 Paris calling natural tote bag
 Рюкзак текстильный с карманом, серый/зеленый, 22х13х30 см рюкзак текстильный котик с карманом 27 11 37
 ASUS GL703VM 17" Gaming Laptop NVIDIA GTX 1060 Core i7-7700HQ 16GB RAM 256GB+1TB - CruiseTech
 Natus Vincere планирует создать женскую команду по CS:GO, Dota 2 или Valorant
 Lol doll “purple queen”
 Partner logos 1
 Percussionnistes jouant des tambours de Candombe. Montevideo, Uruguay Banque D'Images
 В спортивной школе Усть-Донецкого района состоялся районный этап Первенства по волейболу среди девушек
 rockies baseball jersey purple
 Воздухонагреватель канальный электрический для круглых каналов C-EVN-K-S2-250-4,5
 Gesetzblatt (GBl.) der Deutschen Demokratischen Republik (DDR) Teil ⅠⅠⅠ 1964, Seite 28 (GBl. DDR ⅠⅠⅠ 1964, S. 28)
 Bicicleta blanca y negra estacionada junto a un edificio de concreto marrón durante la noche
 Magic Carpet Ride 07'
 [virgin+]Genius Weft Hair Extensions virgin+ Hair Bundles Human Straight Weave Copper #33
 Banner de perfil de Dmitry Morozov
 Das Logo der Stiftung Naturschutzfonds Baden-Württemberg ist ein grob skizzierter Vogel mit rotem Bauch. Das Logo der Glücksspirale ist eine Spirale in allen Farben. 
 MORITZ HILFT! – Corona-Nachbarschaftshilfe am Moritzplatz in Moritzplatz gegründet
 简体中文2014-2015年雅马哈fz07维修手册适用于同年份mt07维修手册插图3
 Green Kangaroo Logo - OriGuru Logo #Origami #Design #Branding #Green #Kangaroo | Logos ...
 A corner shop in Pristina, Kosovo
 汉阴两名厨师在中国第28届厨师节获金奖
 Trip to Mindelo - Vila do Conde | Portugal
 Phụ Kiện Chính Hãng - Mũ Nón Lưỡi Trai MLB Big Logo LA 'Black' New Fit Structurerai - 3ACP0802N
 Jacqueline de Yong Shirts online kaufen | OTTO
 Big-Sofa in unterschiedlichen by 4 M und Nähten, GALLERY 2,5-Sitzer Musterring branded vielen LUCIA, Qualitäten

#####

**What you should do**
The expected result is every line from the material above that includes "purple".

**Task answer**
 Lol doll “purple queen”
 rockies baseball jersey purple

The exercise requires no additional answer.